斉藤鑑定①=鑑定人斉藤銀次郎作成の昭和四一年四月五日付鑑定書

斉藤鑑定②=鑑定人斉藤銀次郎作成の昭和四一年四月七日付鑑定書

斉藤証言=証人斉藤銀次郎の当公廷における供述

山下・久保田鑑定=鑑定人山下浩・同久保田康耶共同作成の鑑定書

久保田鑑定=当裁判所が命じた鑑定人久保田康耶作成の鑑定書

久保田証言=証人久保田康耶の当公廷における供述

内藤鑑定①=鑑定人内藤道興作成の昭和四一年三月二日付鑑定書

内藤鑑定②=当裁判所が命じた鑑定人内藤道興作成の鑑定書

内藤証言=証人内藤道興の当公廷における供述

天野鑑定=鑑定人天野道之助の当公廷における供述鑑定

(情状と量刑)

本件は、麻酔から覚醒していない被害者を軽々に覚醒したものと速断し、十分覚醒を見きわめないで帰宅させた点、帰宅後再度にわたり異常を訴えられながら、全く救護措置をとることなく長時間放置した点で、歯科医師として重大な過失があつたというべく、被告人の責任は、決して軽からざるものがある。真弓が死亡するまでの間被告人は救急措置をとる機会は何回かあり、それをとることによつて同女の一命をとりめる可能性が大であつたのにこれをしなかつた。しかるにかかわらず、公判廷において、いまだに自己の覚醒に関する判断ならびにその後の措置にあやまりはなかつたと主張しているのは極めて遺憾である。帰宅の際、母親に舌沈下や呼吸の変化に備える注意すらしなかつたこと、往診の際、聴心器と注射器を持参したのみで、肝心の強心剤注射液を忘れたり、酸素吸入器も持参しなかつたこと、さらには、家族に懇請されても救急車の手配、救急病院への入院措置もしないで、ただ人工呼吸や心臓マツサージだけに終始した帰宅後の一連の経過をみる限り、被告人には、麻酔の危険性を軽視していたきらいがあるばかりか、歯科医師としての誠意ないしは医療道義にも欠けるところがあつたのではないかと思わしめる。
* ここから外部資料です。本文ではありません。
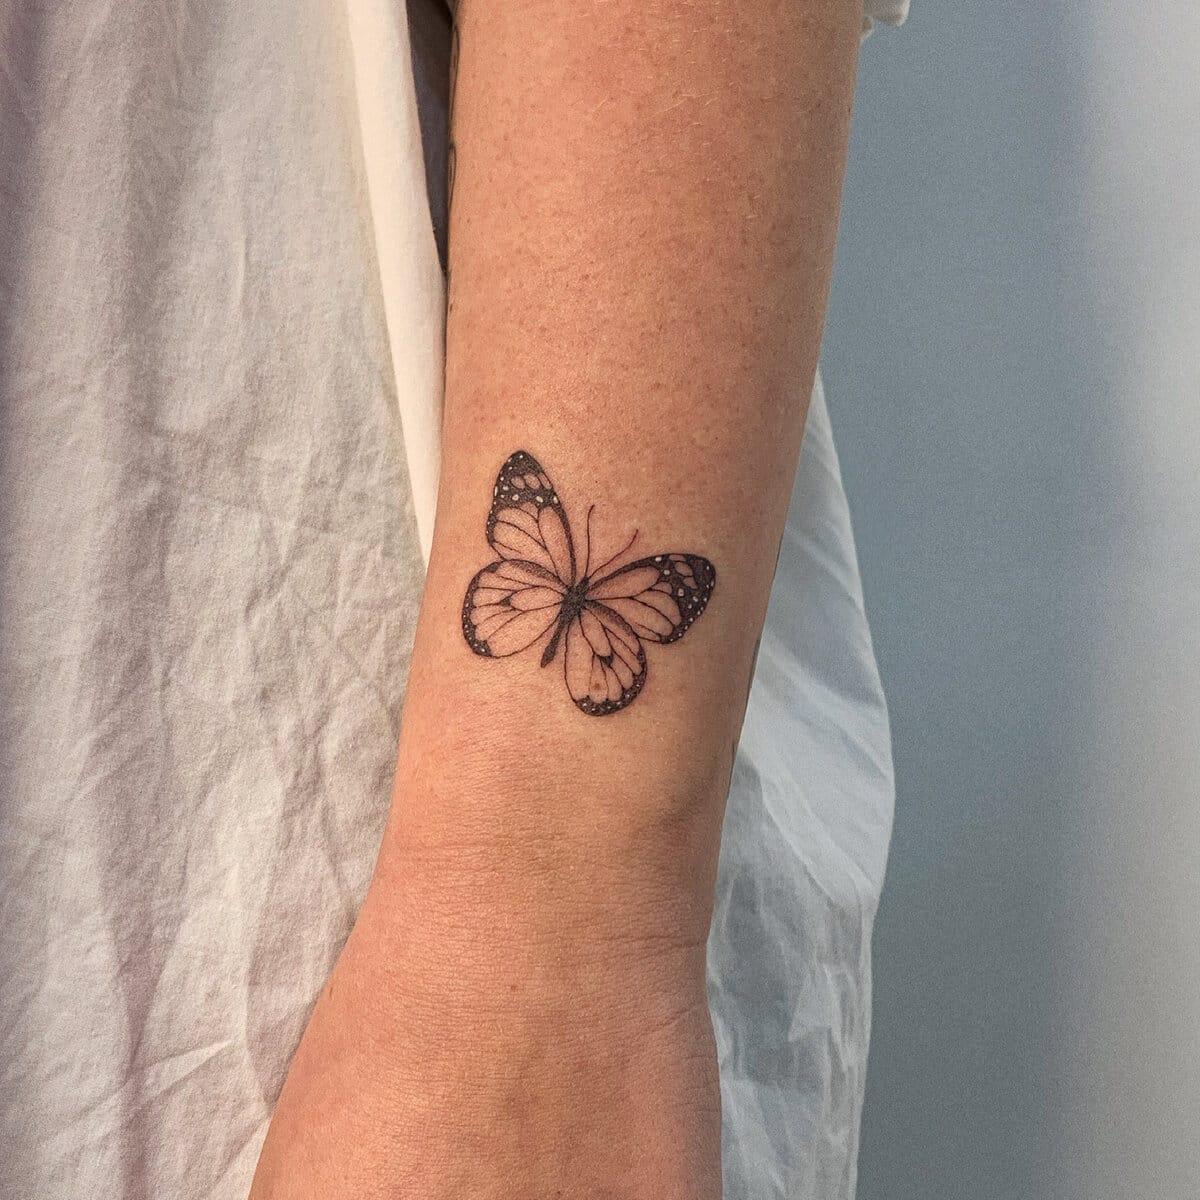 blanka bartosova tattoo artist butterfly arm

両親の愛情を一身に受け、恵まれた家庭で生育し、希望に夢みちた五歳の小児が、花も実も知らない蕾のままで、信頼する当の医師の手によつて、死に追いやられたことには同情を禁じ得ないものがあり、六年有余の歳月をもつてしても、おそらくうめることのできない遺族の嘆き悲しむ心情は察するに余りがある。
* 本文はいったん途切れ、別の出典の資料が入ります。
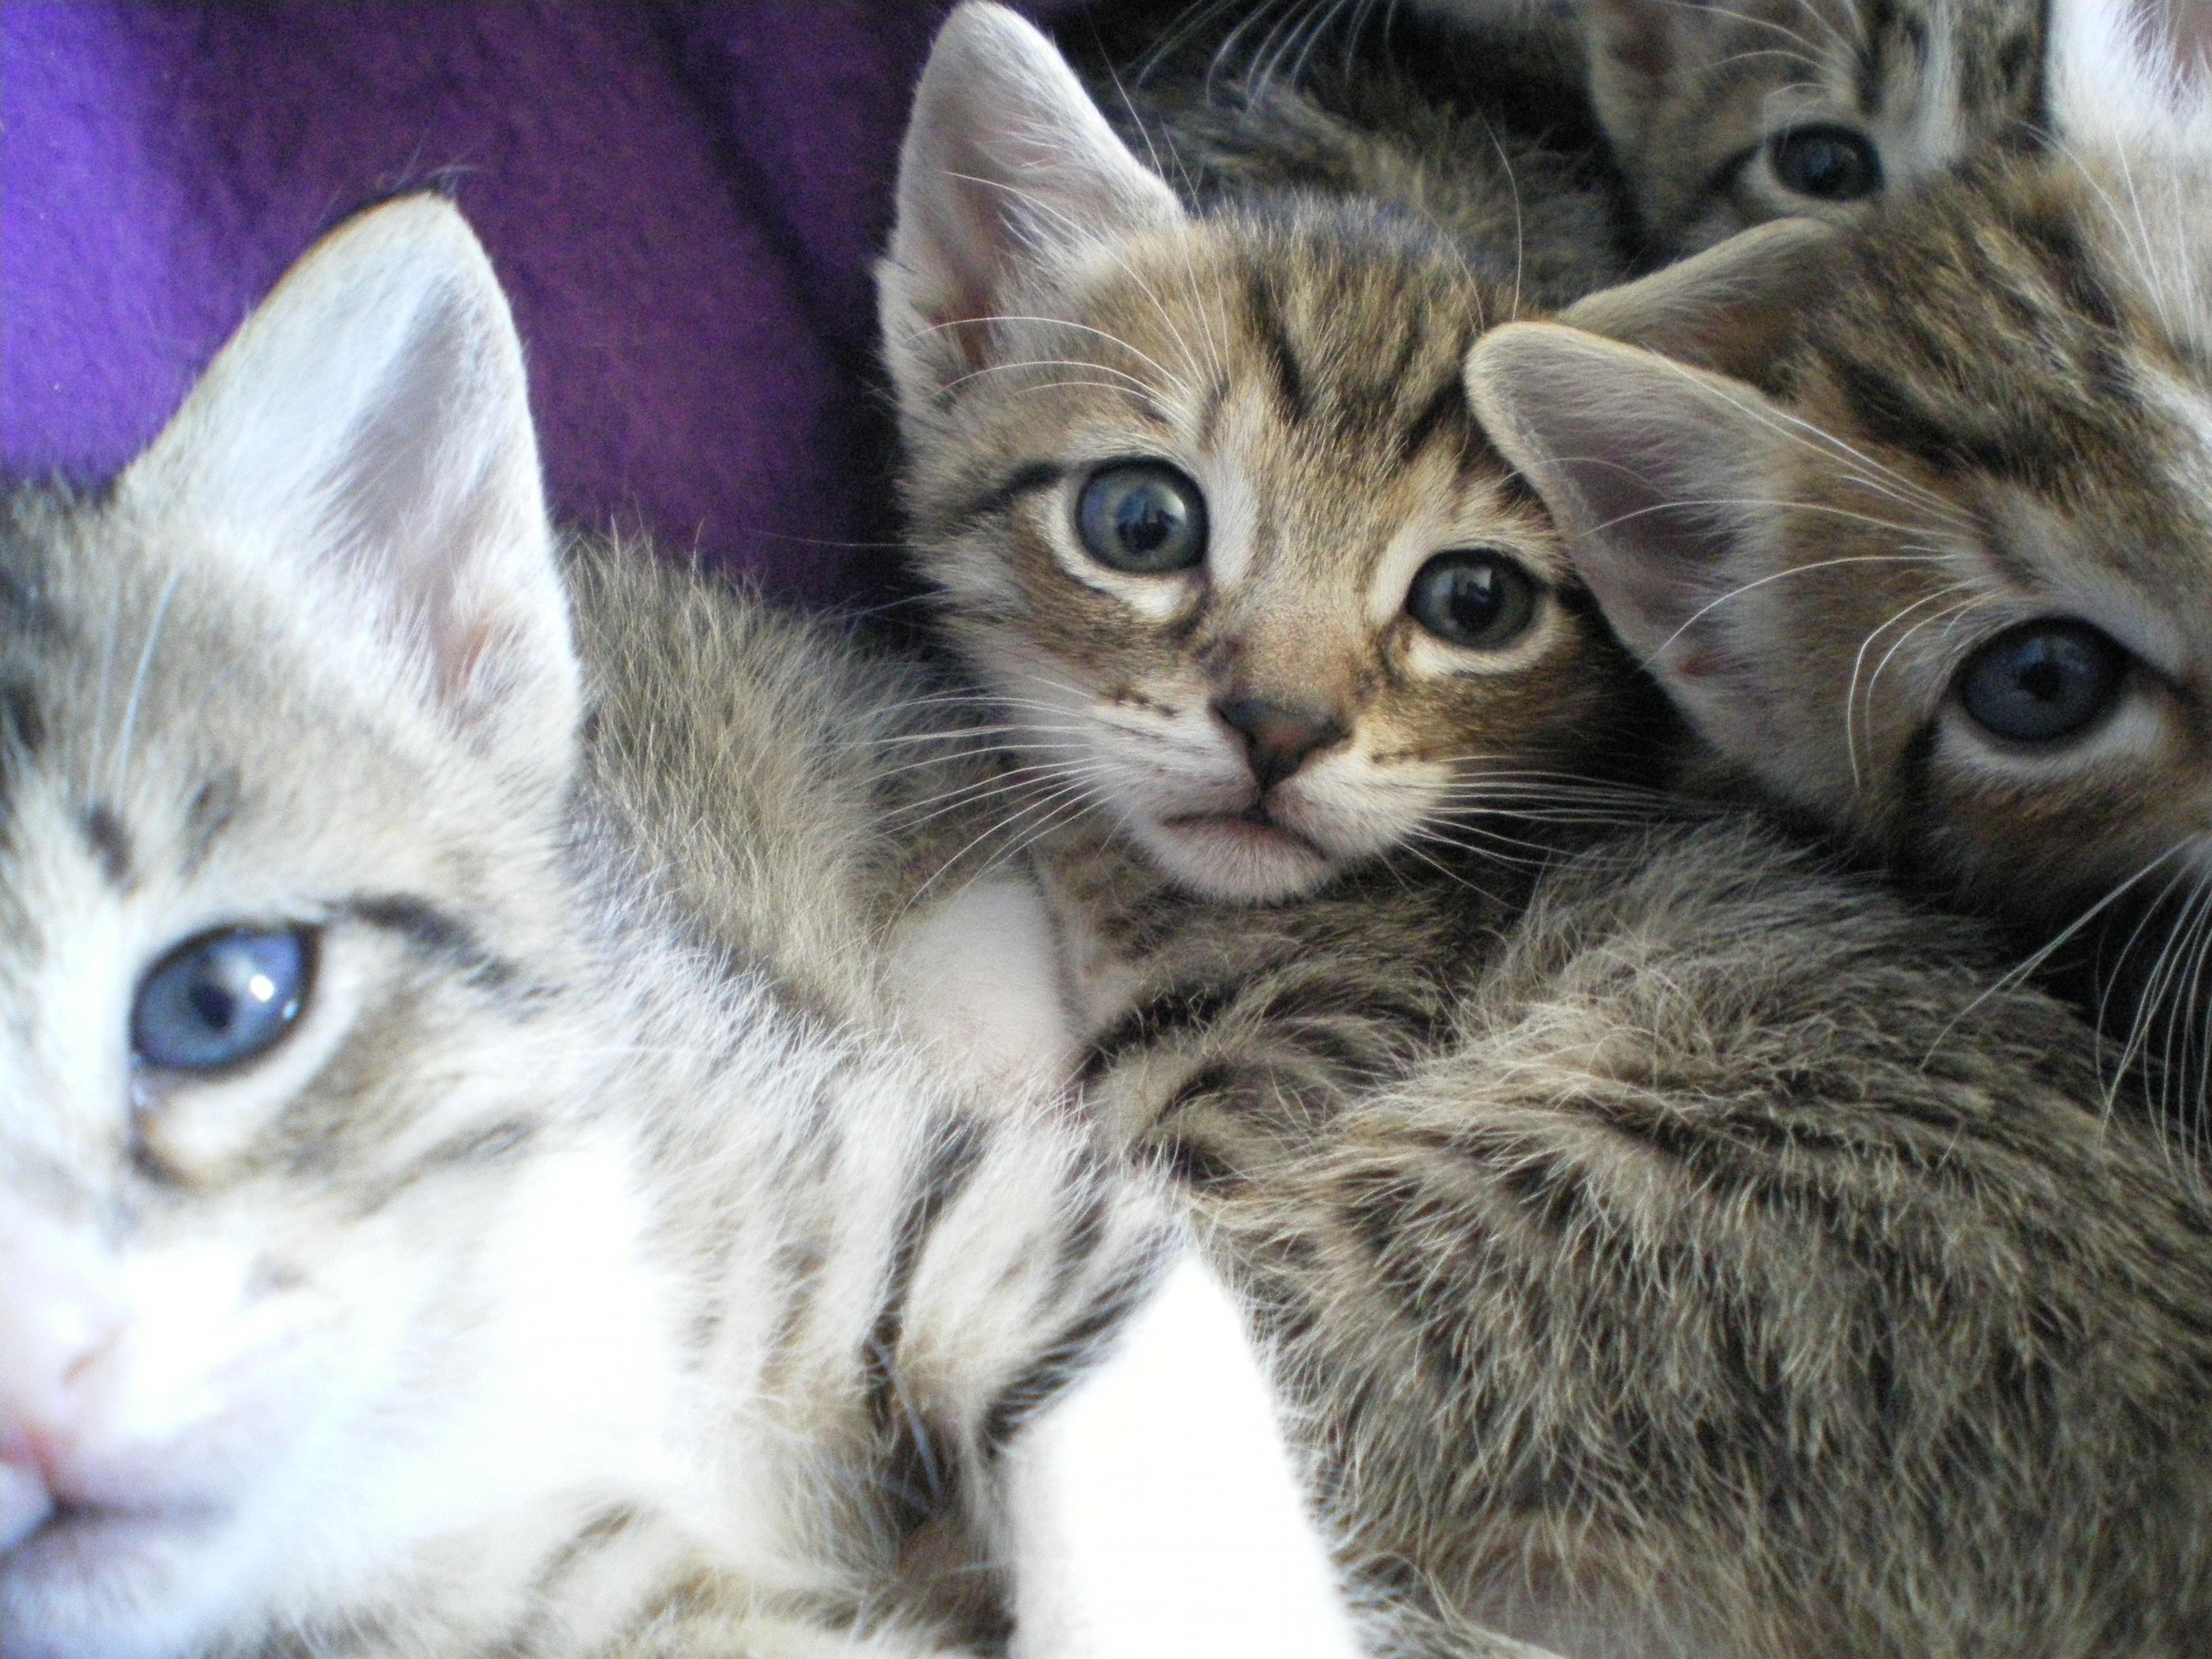 Free kitten fauna eyes whiskers savannah vertebrate

被告人は、被害者側と、いち早く和解して金二〇〇万円を支払い、その後永代供養を納めていること、歯科医師としての業績と評価にはみるべきものがあること、本件は検察庁で一旦不起訴となつたのに、被害者側から検察審査会に不服申立がなされ、同会の起訴相当の意見により、公訴時効の完成する寸前に起訴された経過があり、長期間、法的に不安定な立場におかされていたことなど、被告人にとつて、斟酌すべき情状も少なくはないが、本件過失と結果の重大性を考えるとき、罰金刑をもつて処断するのは、相当でないと思料する。

(法令の適用)

被告人の判示所為は、行為時法によれば昭和四三年法律第六一号による改正前の刑法第二一一条前段、罰金等臨時措置法第三条第一項第一号に、裁判時法によれば右法律第六一号による改正後の刑法第二一一条前段、罰金等臨時措置法第三条第一項第一号に該当するところ、犯罪後の法律により刑の変更があつた場合であるから、刑法第六条、第一〇条により刑の比照を行ない、その軽い行為時法の刑を適用すべく、所定刑中禁錮刑を選択し、その刑期範囲内で被告人を禁錮四月に処し、刑の執行猶予につき同法第二五条第一項、訴訟費用の負担につき刑事訴訟法第一八一条第一項本文を適用して主文のように判決する。